At 86, trauma still plagues Nagasaki A-bomb survivor who couldn’t save sister via The Japan Times

NAGASAKI – At 86, Yoshitoshi Fukahori is still traumatized from failing to save his older sister, Chizuko, after an atomic bomb devastated the city of Nagasaki on Aug. 9, 1945.

[…]
The following day, Fukahori managed to make it to what was left of the relative’s demolished home, where he found Chizuko dead, clutching a beam with both arms.

Noticing that she had apparently crawled out of the rubble, he realized that she had been alive immediately after the explosion. Regret washed over him for not making the perilous journey a day earlier.

“That still stays in my head,” Fukahori said.
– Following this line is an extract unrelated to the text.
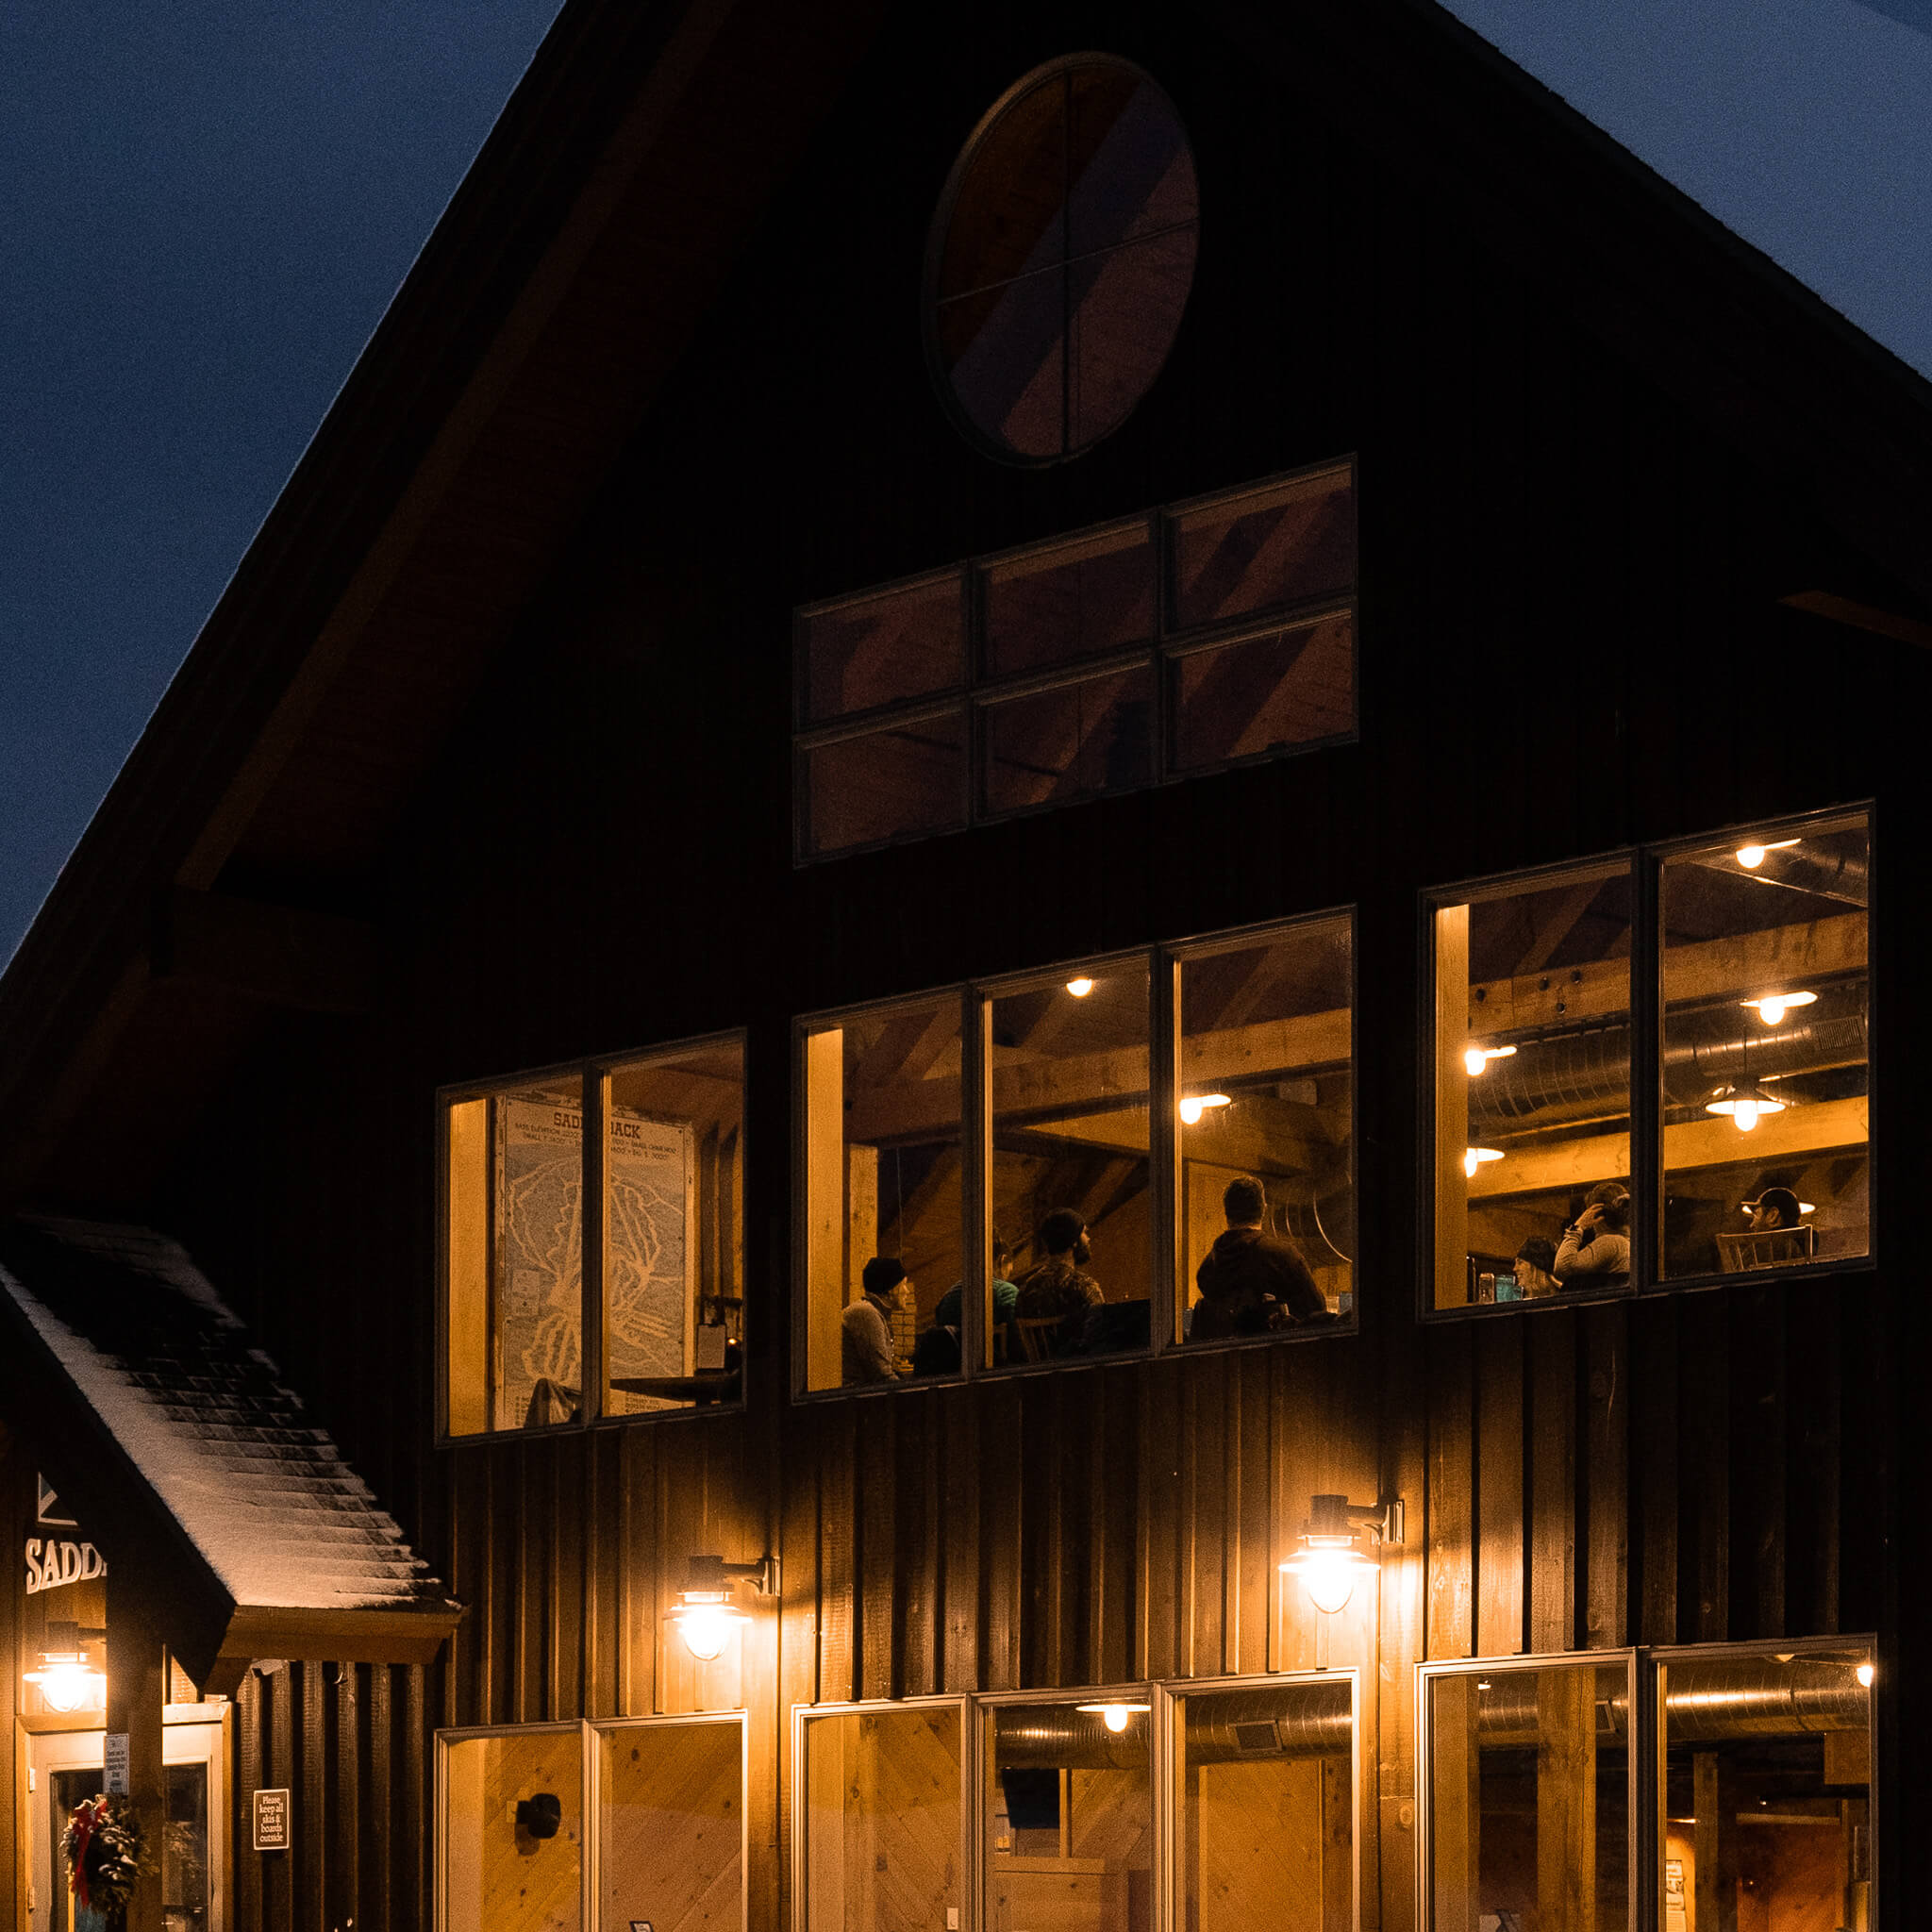 The Saddleback Lodge at night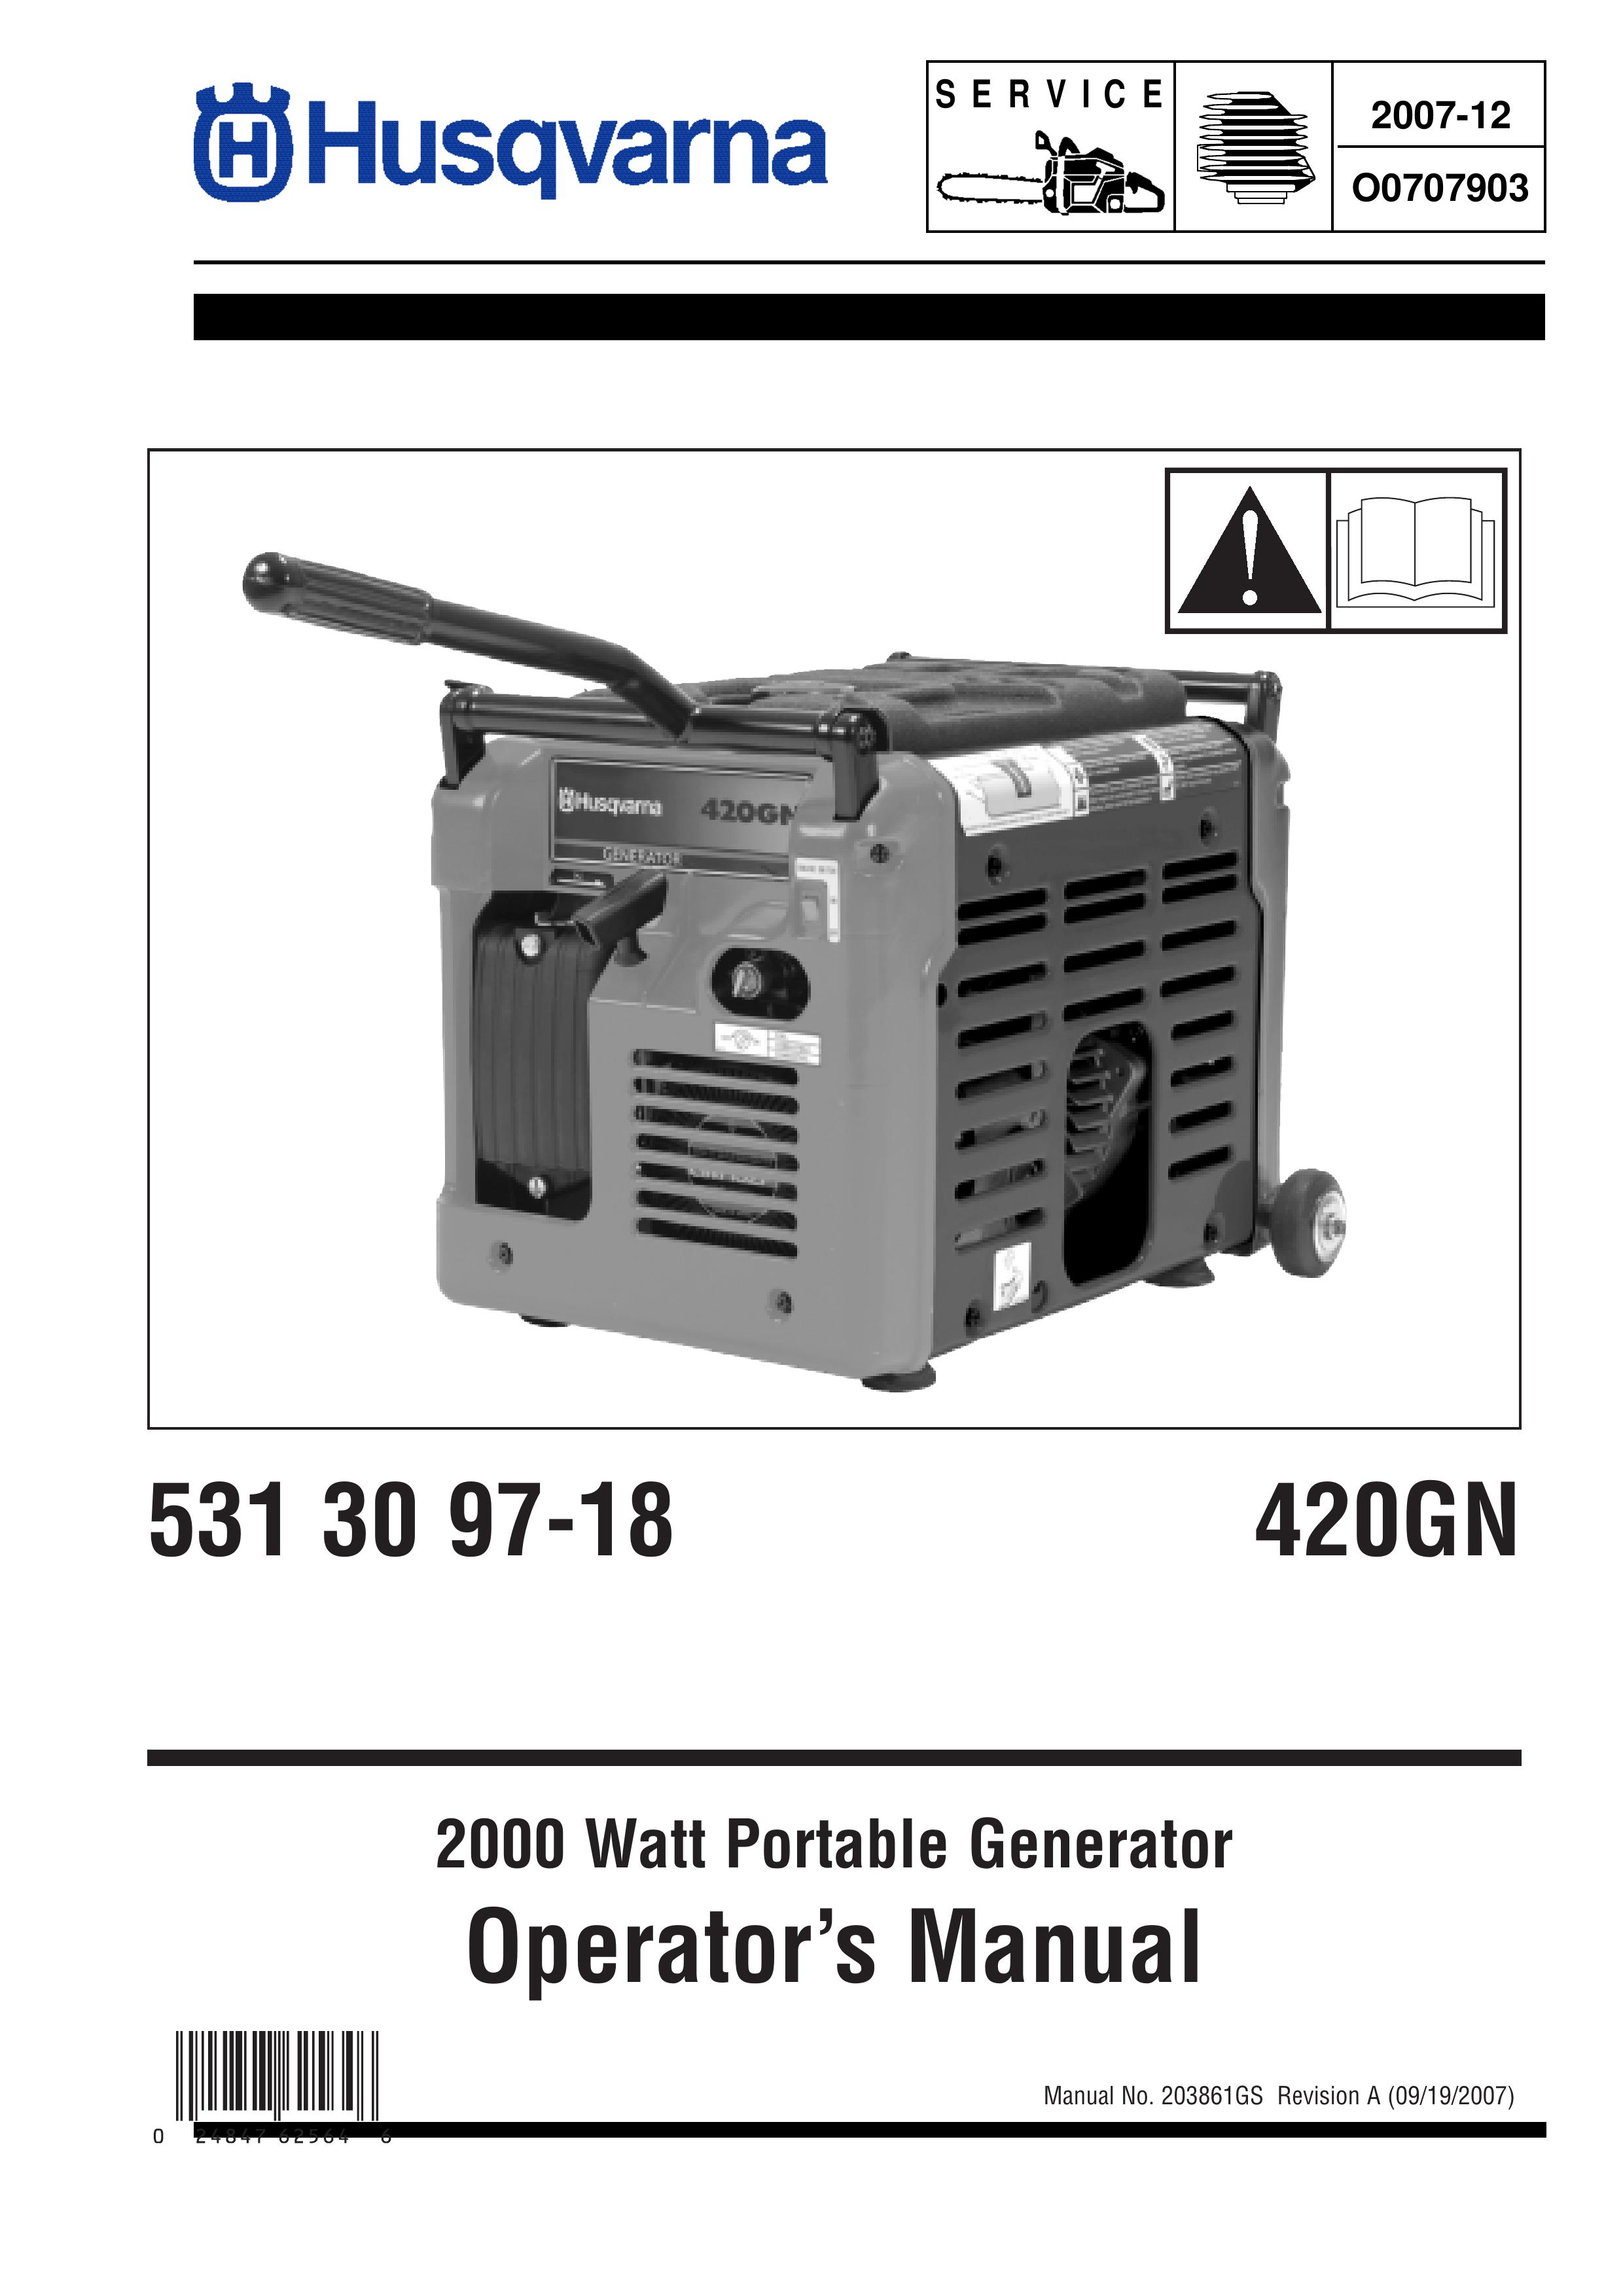 Husqvarna 420 GN Portable Generator User Manual

Three days after the bombing, Fukahori cremated his elder sister on a wood pile as their mother wished. The mother stood motionless, unable to raise her head.

[…]
In 1979, he began collecting and analyzing photos related to the atomic bombing at the predecessor of the Nagasaki Foundation for the Promotion of Peace, which was established that year by him and five other survivors.

“I would like to leave as many photos as possible to future generations for the sake of those who died in the bombing,” Fukahori said, adding that the photo collection would provide proof of the reality on the ground as the number of survivors dwindle.

The Fukushima nuclear crisis has also left Fukahori profoundly stunned. Upon viewing scenes of abandoned areas around the Fukushima No. 1 atomic power plant after the March 2011 triple meltdowns, Fukahori voiced his disapproval of nuclear power.

“Though we have continued to live near the epicenter of the atomic bomb blast in Nagasaki, it will be important for everyone to act with correct knowledge of radioactivity,” Fukahori said.

“Atomic-bomb survivors do not think that nuclear power can coexist with humans,” he said.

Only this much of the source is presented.